— Exercise directions —
An exact copy of the lines of the listing below between the "No hay que olvidar" line and the "CREME DE AVELÃ" line, both included, is the whole answer; please omit the pictures.

— Records shown —
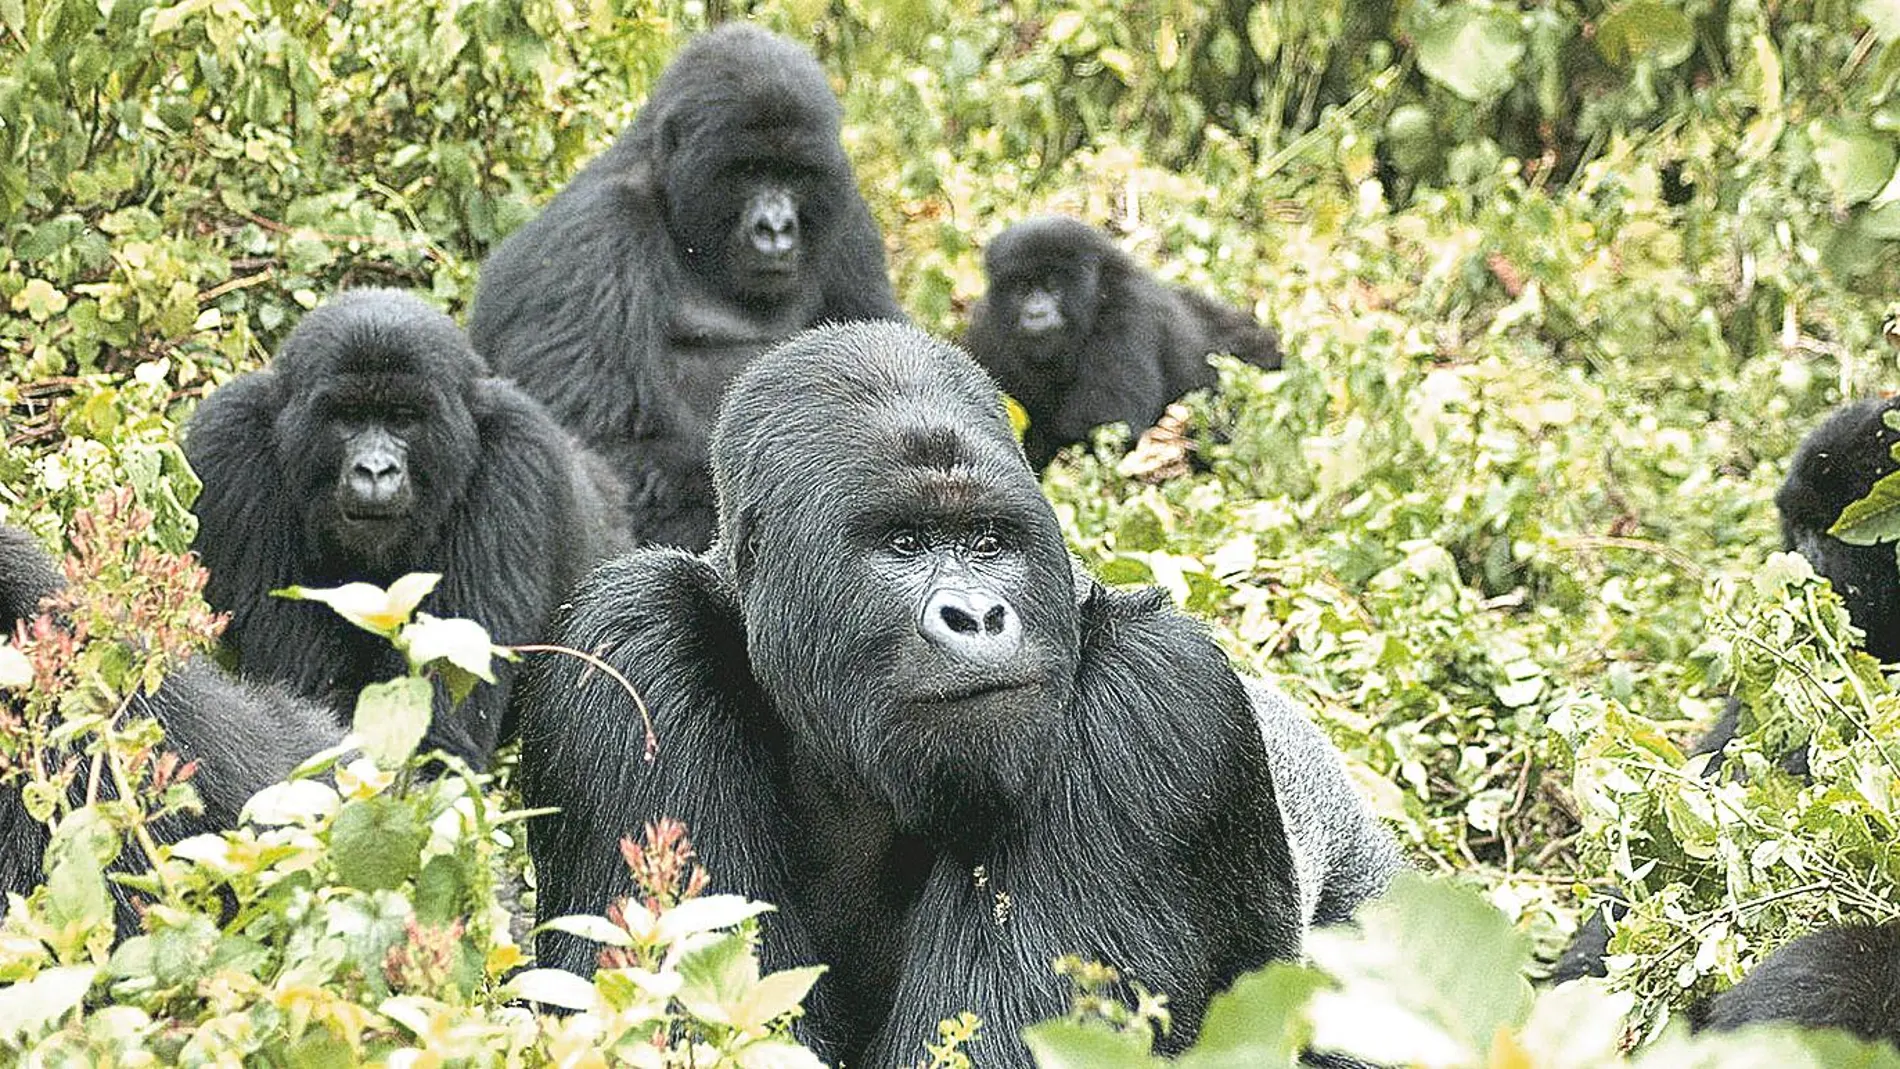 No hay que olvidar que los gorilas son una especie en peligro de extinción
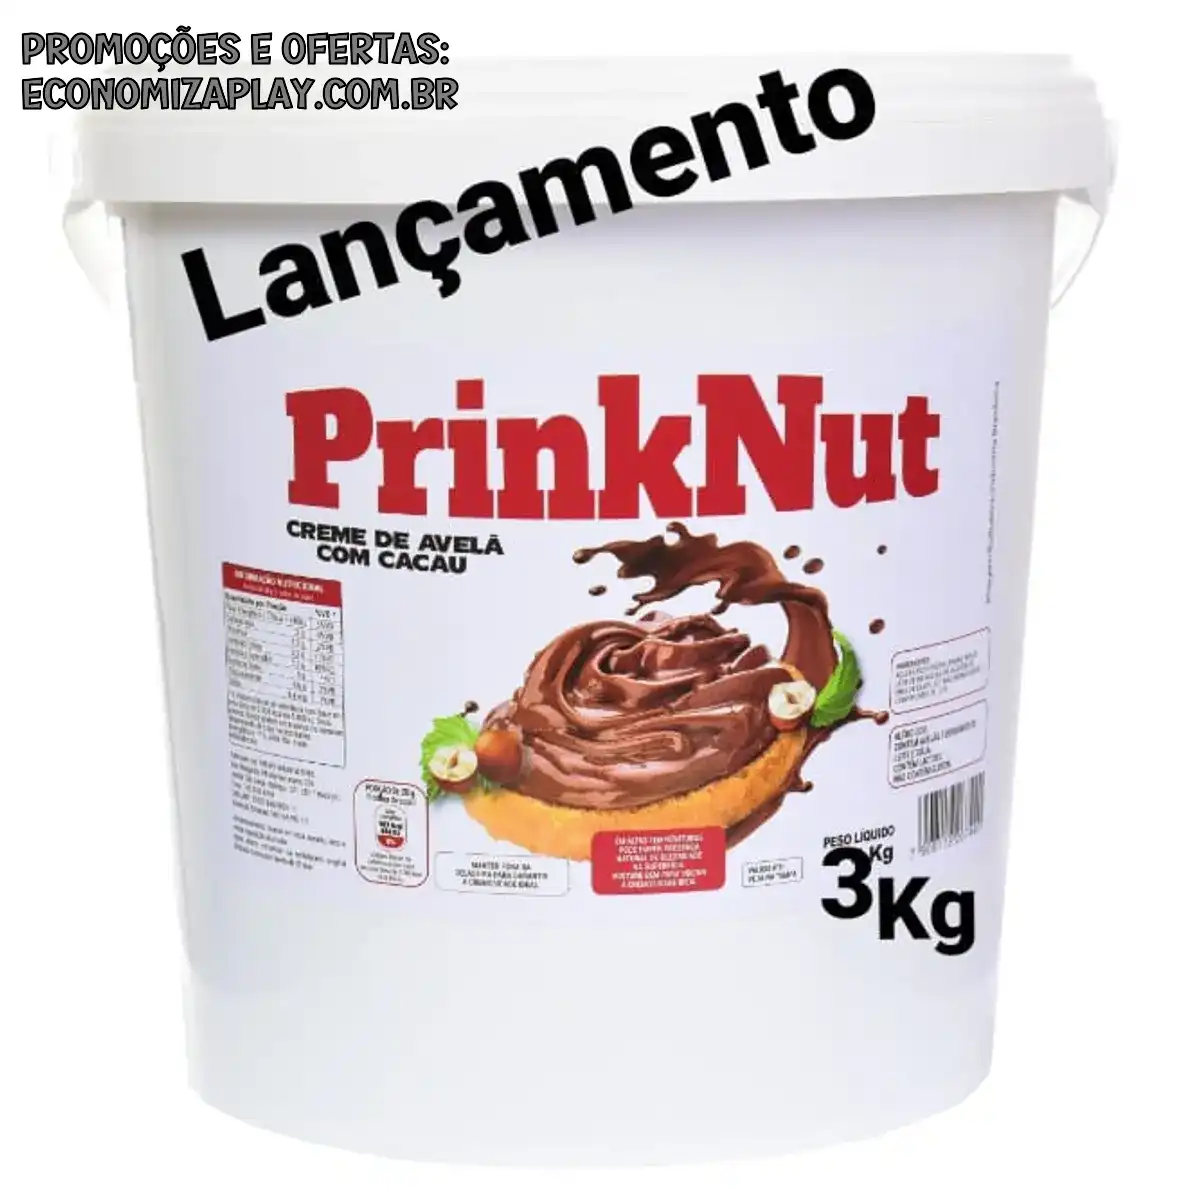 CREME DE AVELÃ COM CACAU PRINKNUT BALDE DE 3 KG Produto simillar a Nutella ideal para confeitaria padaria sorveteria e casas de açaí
...
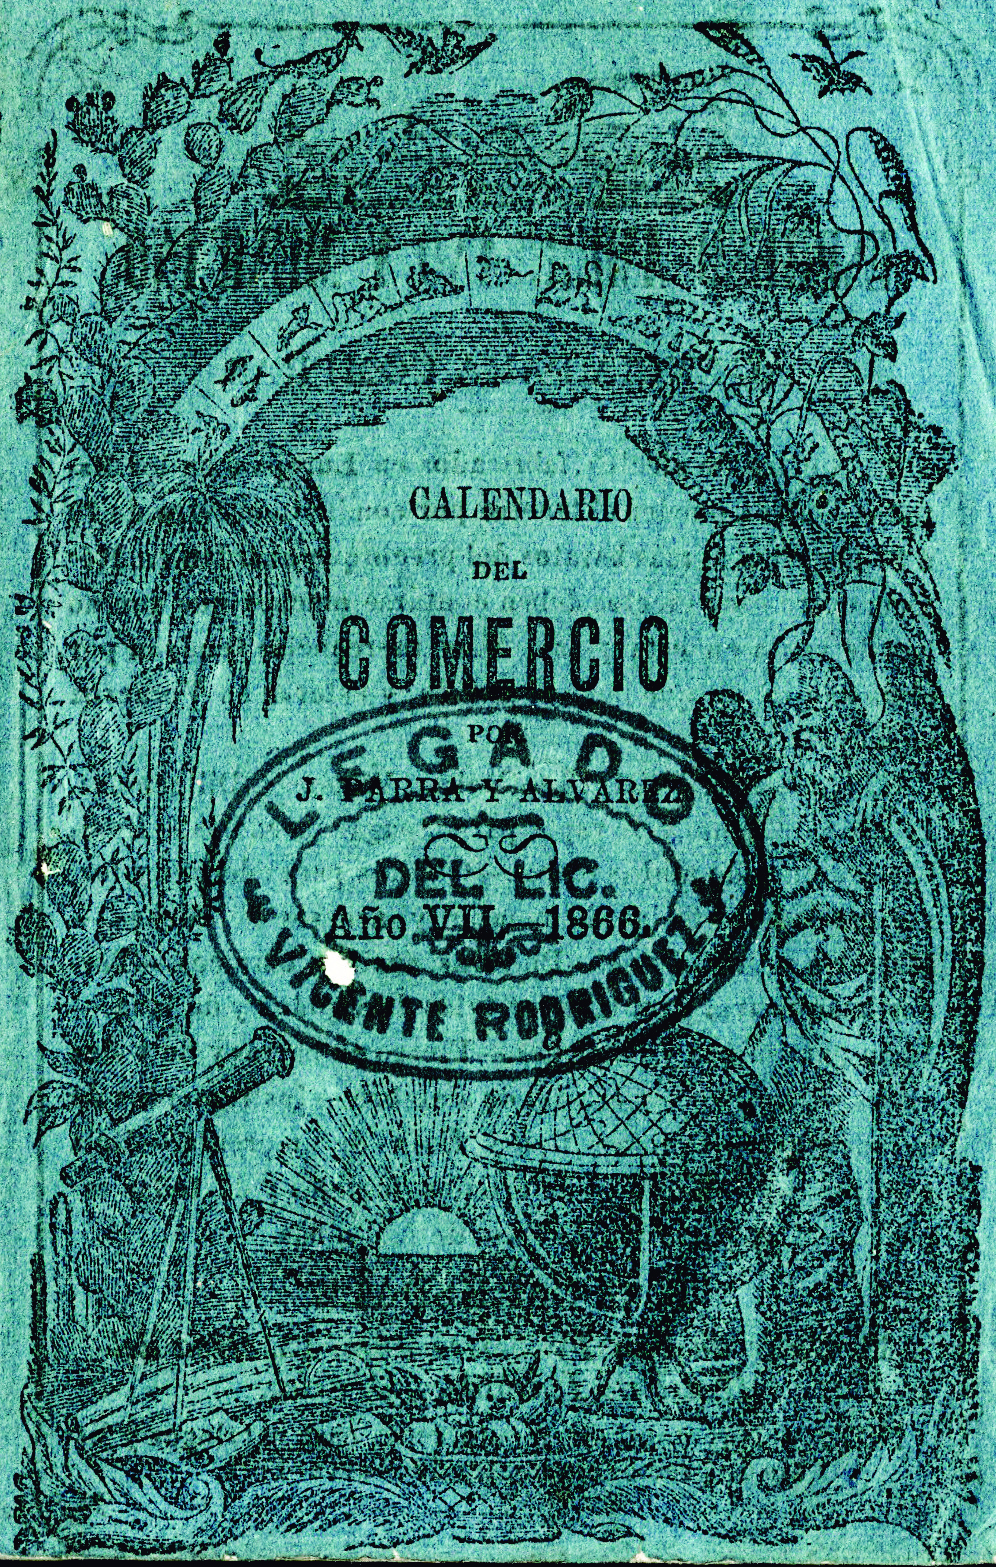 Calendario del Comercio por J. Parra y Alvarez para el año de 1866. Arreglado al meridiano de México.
==
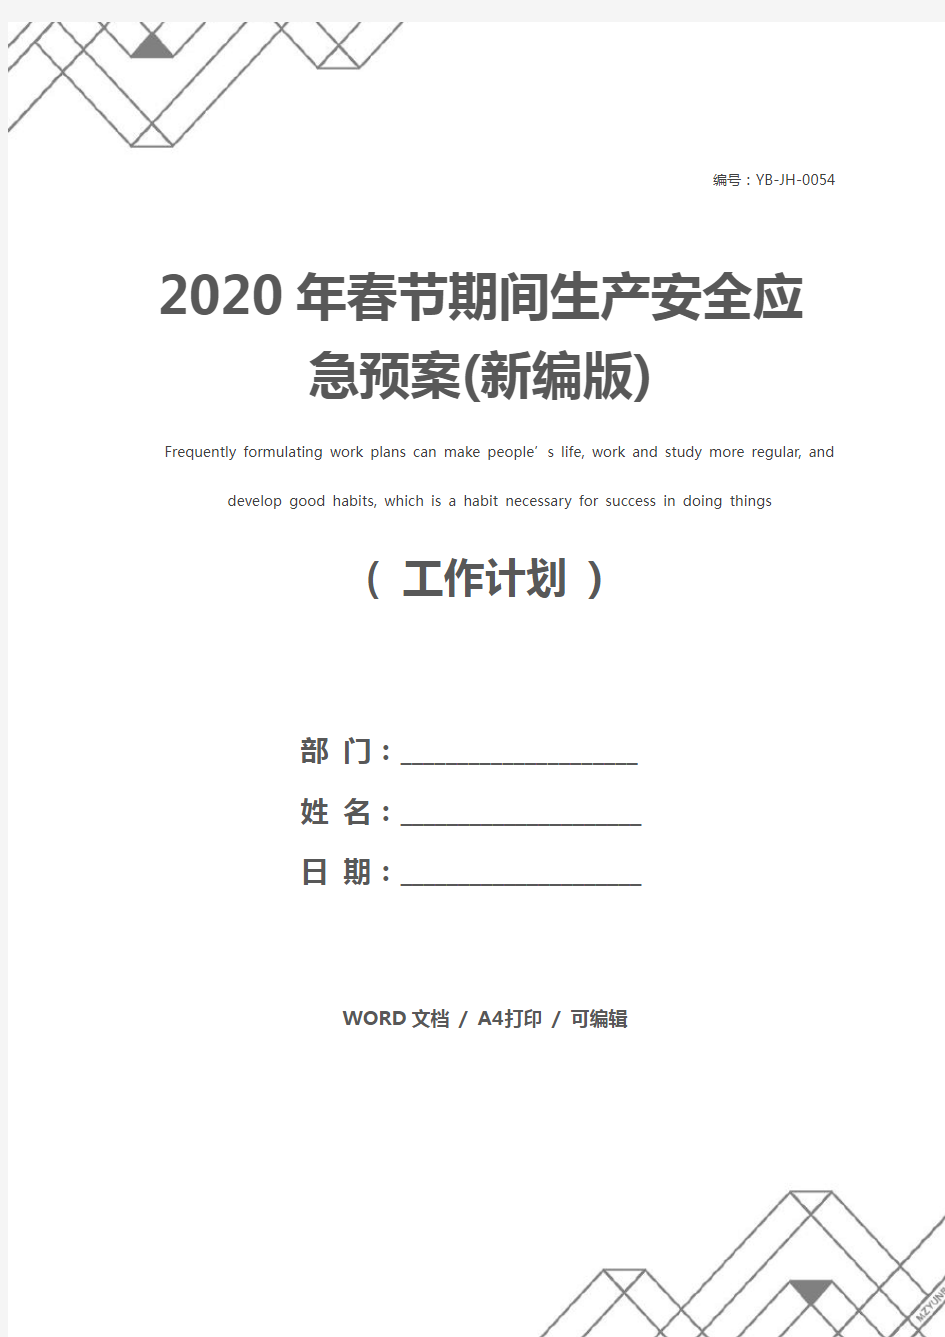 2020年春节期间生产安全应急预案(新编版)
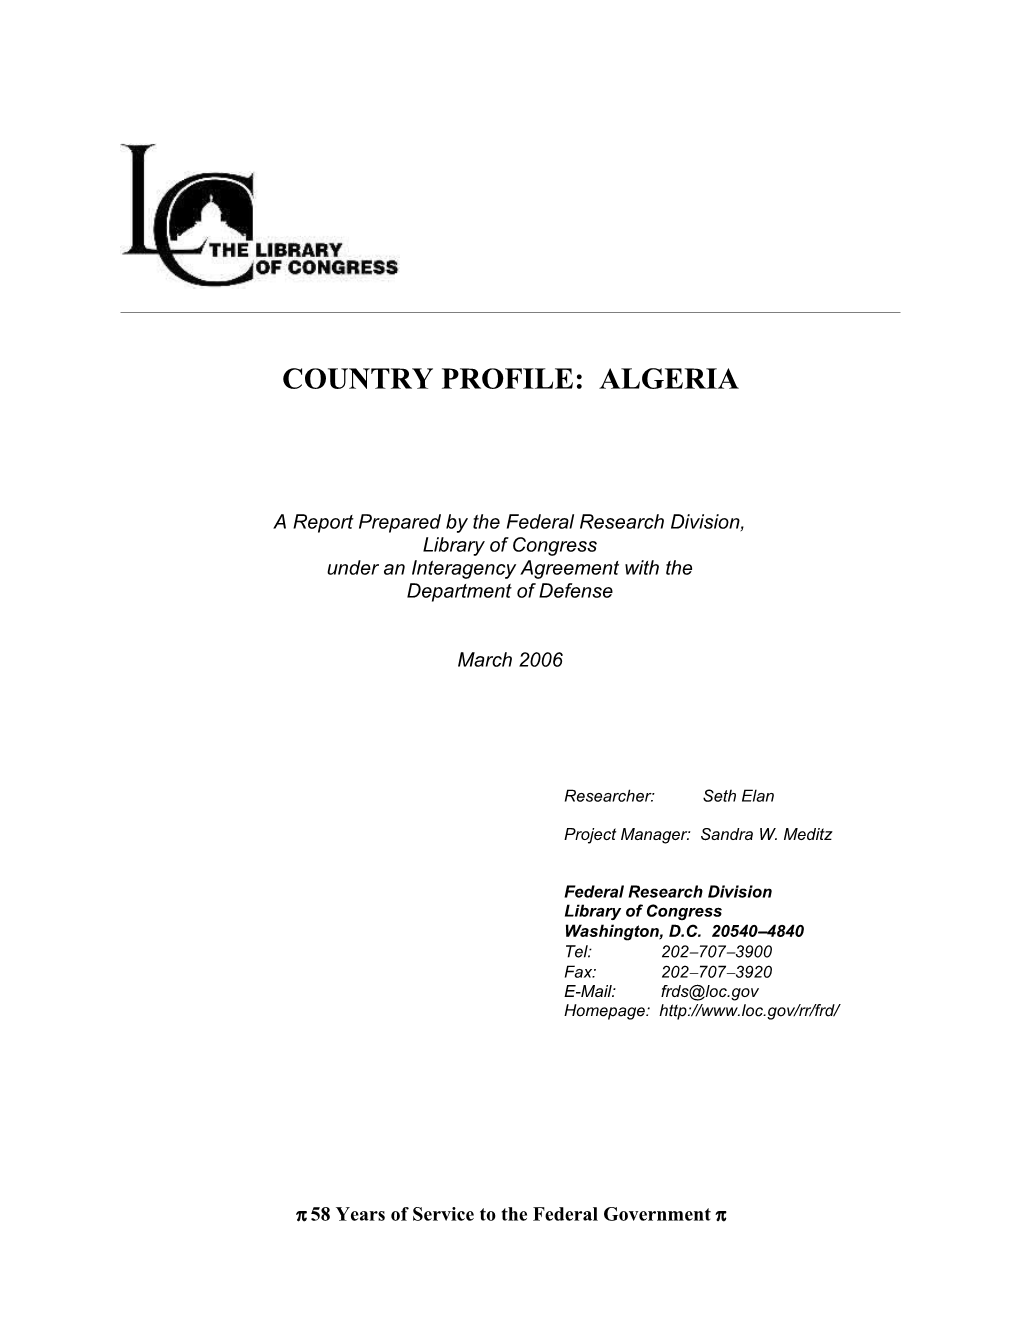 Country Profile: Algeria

— Exercise result —
 No hay que olvidar que los gorilas son una especie en peligro de extinción
 CREME DE AVELÃ COM CACAU PRINKNUT BALDE DE 3 KG Produto simillar a Nutella ideal para confeitaria padaria sorveteria e casas de açaí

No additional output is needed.